Two years later, the Blumenheins split up, and Elaine decided to move down and take over operation of the resort. One of her first priorities was to remove the remaining derelict buildings and restore the land surrounding the hot springs. Shortly after, the name was changed to Joyful Journey Hot Springs. “I remember the first time I got into the springs. I felt that this was happy, joyful water. This is how I came up with the name. As I see it, we are all on a journey on this earth, and this is a stop along the way,” she said in an article which ran in The Newsboy in 2008.
She added a campground facility with restrooms, and added teepees and yurts available to rent. A geodesic greenhouse was also constructed. Currently there are three outdoor soaking pools with temperatures ranging from 98 to 108 degrees. The therapeutic, healing waters contain magnesium, lithium, calcium, boron and arsenic. A redwood-paneled dry sauna and therapy rooms are located in the bathhouse along with changing rooms, showers and snacks.
In 2008, an 11-room lodge was added, along with a 100-seat conference center available for meetings, workshops, weddings and other events.
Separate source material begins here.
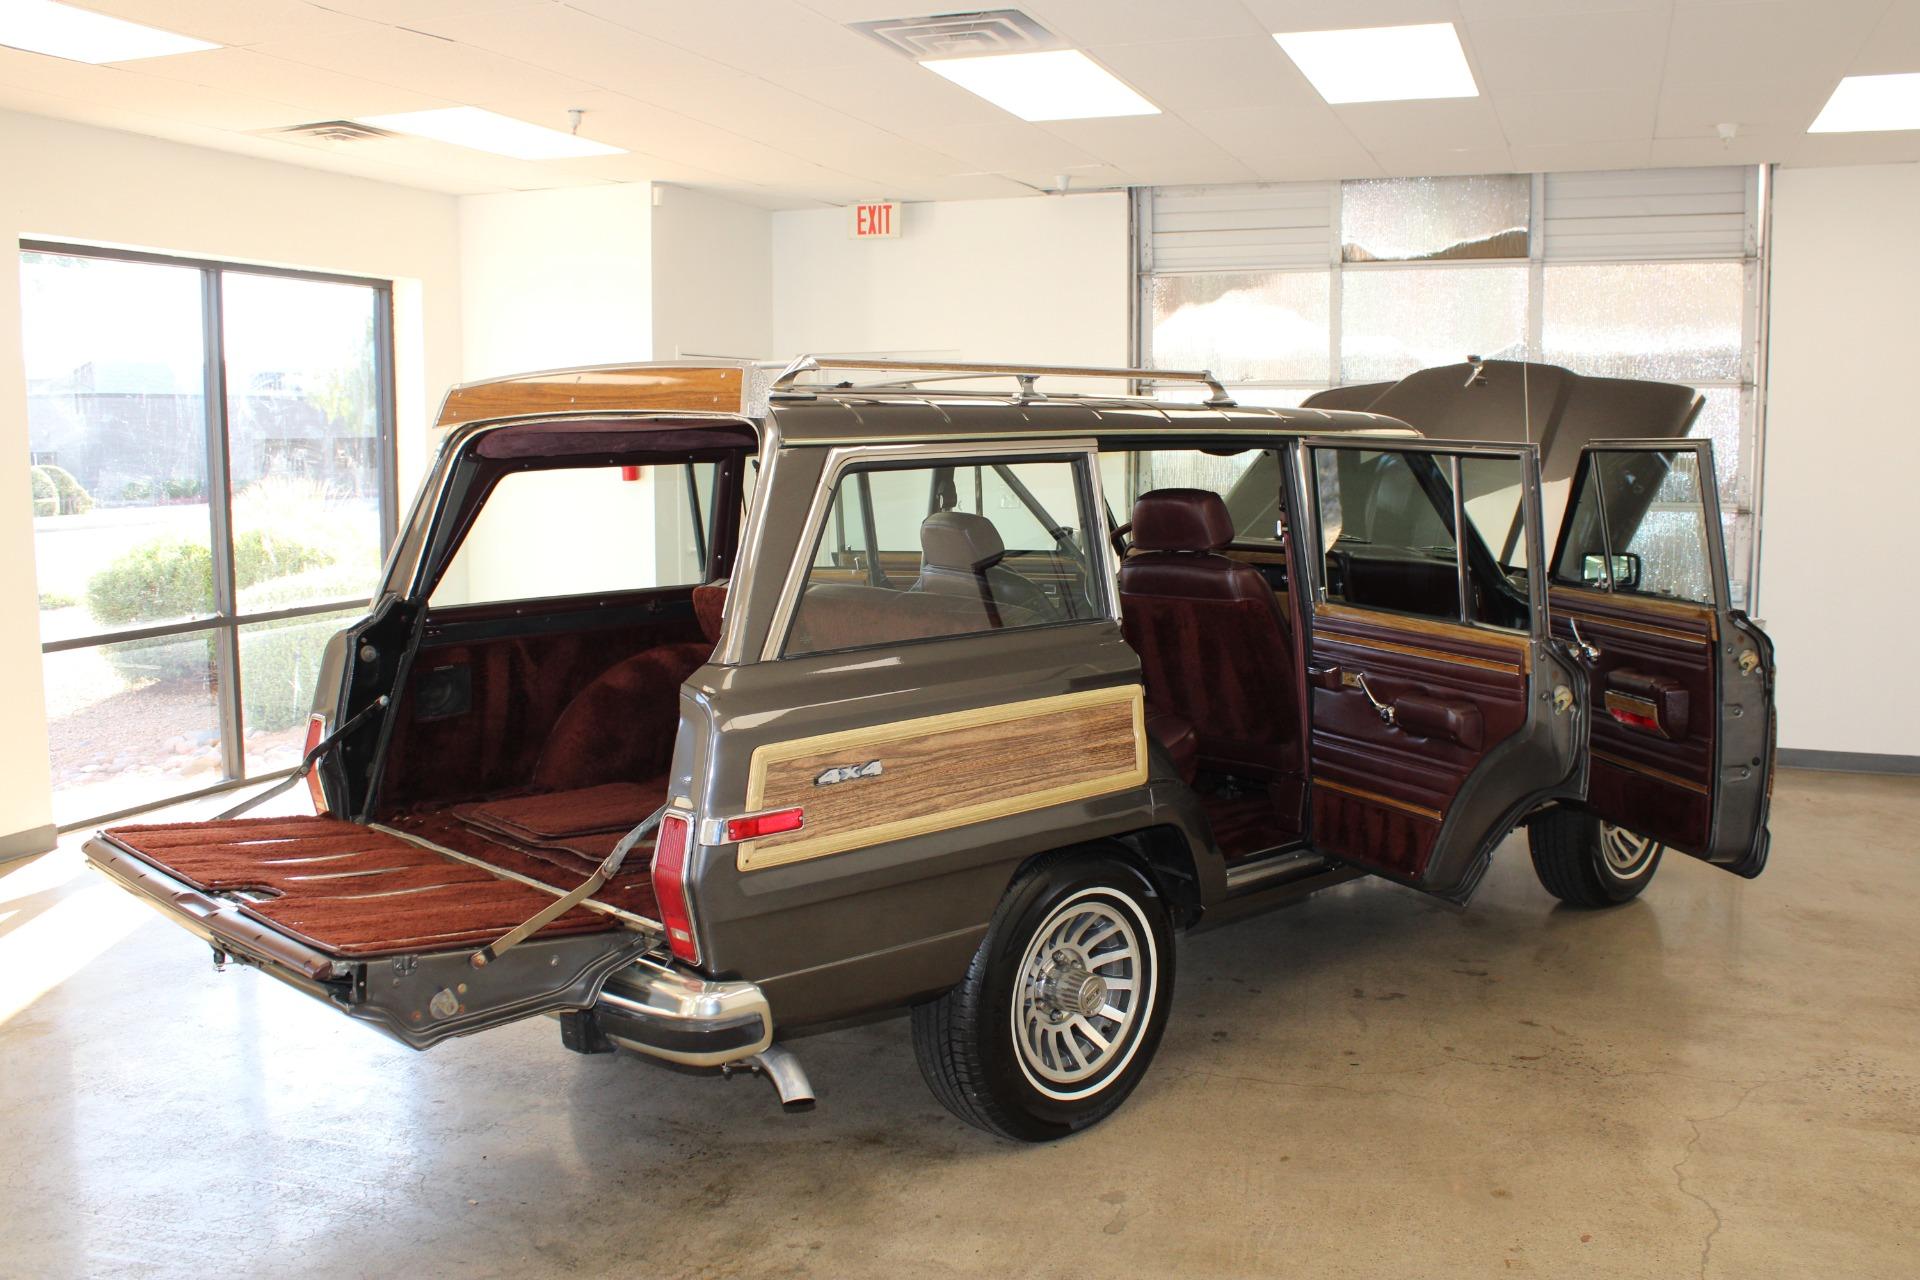 Used-1989-Jeep-Grand-Wagoneer-Jaguar
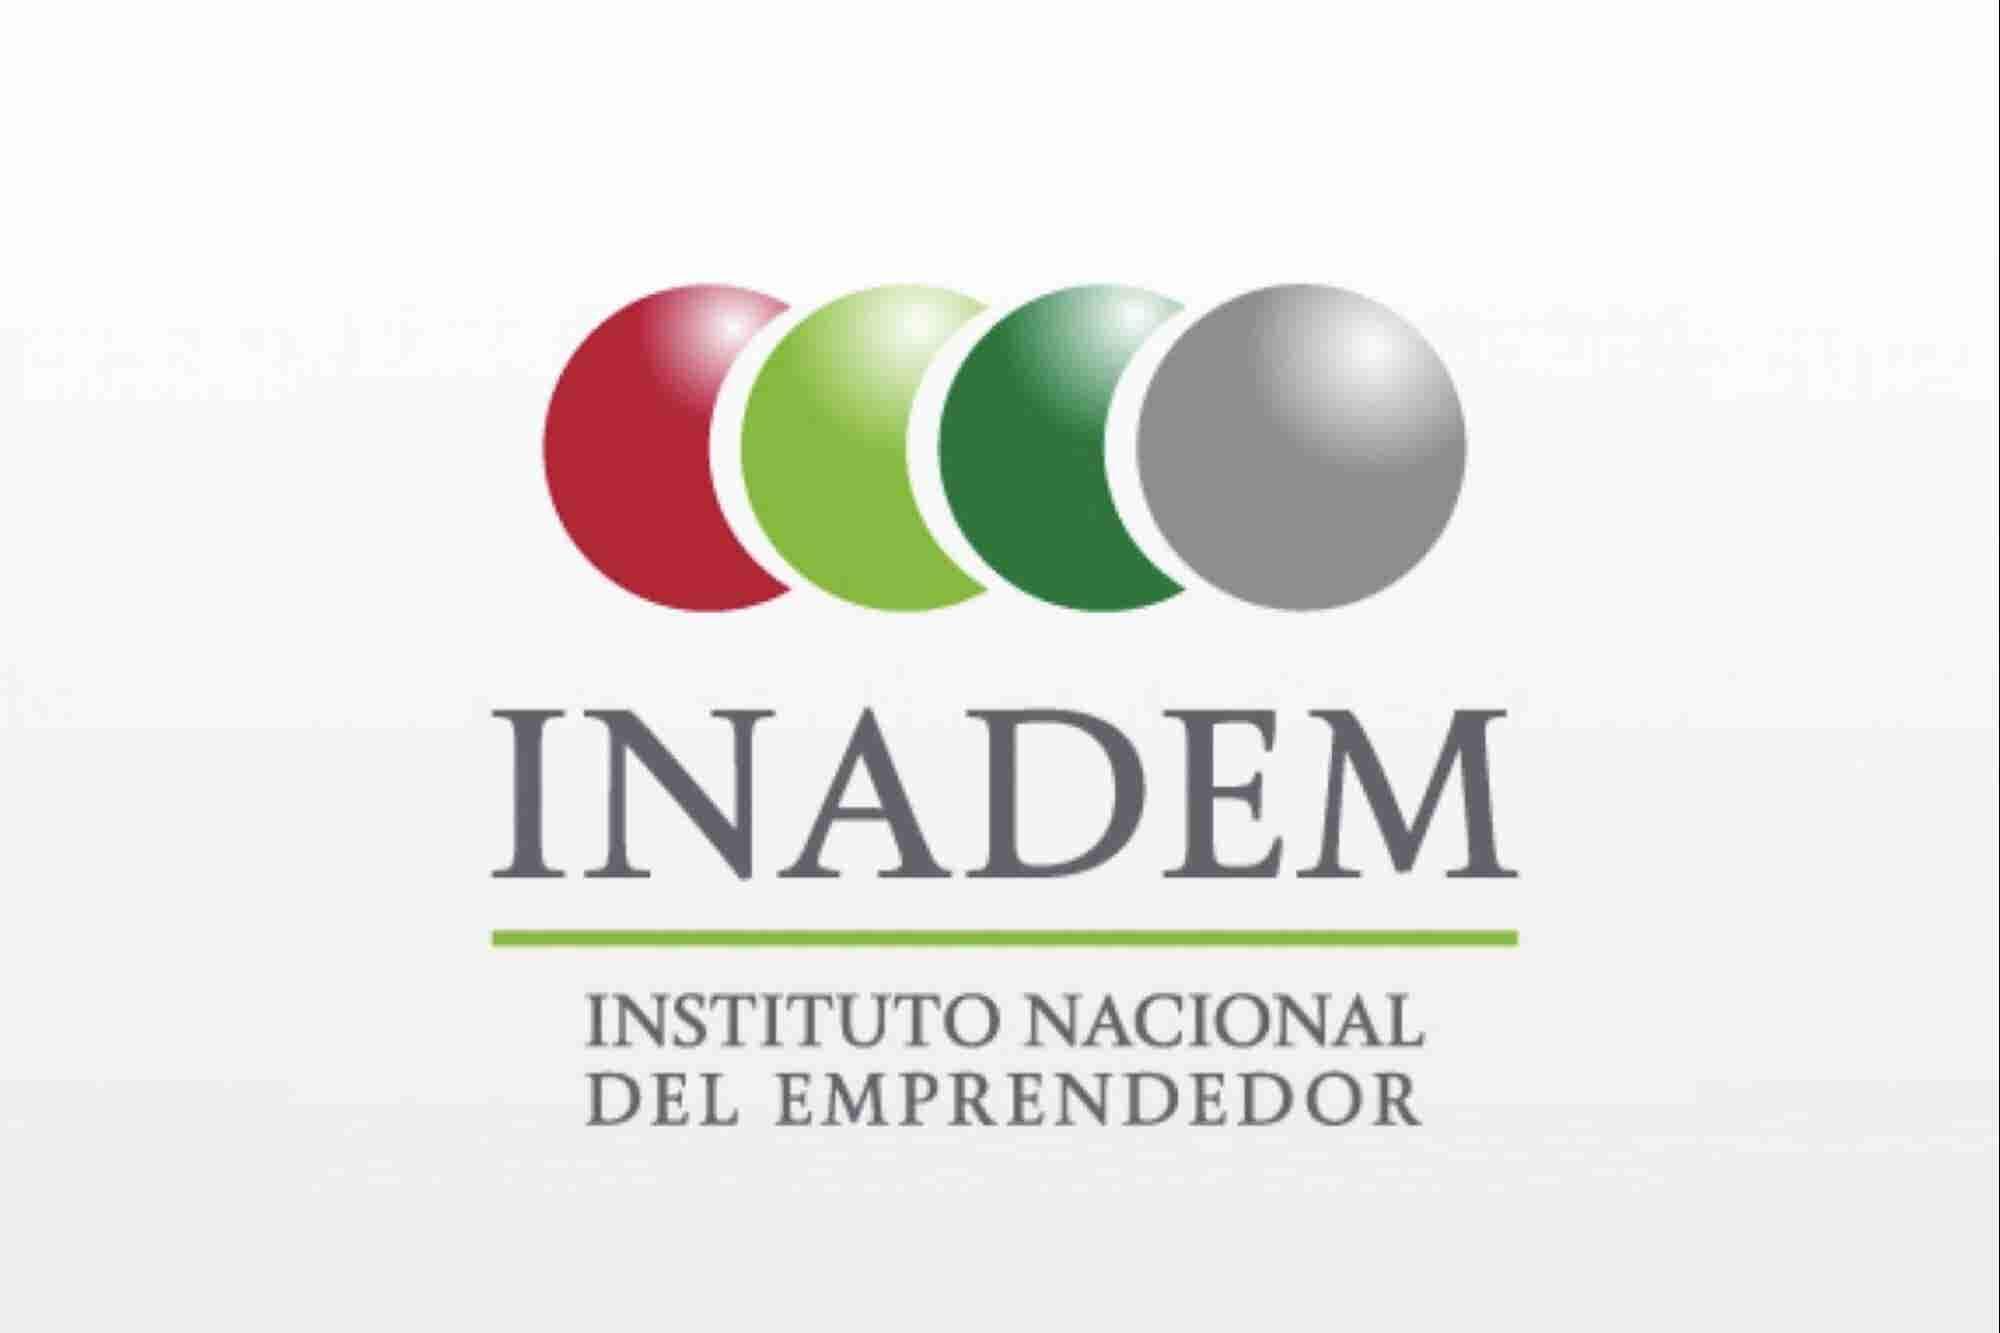 El Inadem sí desaparece: diputados de Morena

Elaine hopes to eventually add a private soaking pool for lodge guests, as well as several additional pools. She envisions the facility to become as self-sustaining and self-reliant as possible – even envisioning a kind of elder-care center.
Relaxing in the southernmost pool, the hottest of the three, visitors can watch the sun set on the Sangre de Cristo range and imagine what once was. Few traces remain of the early days of Hot Springs City, but it is easy to conjure the spirits of the Native Americans and early settlers – maybe even Robert Dunshee – as one marvels at the surrounding peace, tranquility and rich red color of the “blood of Christ mountains” at dusk.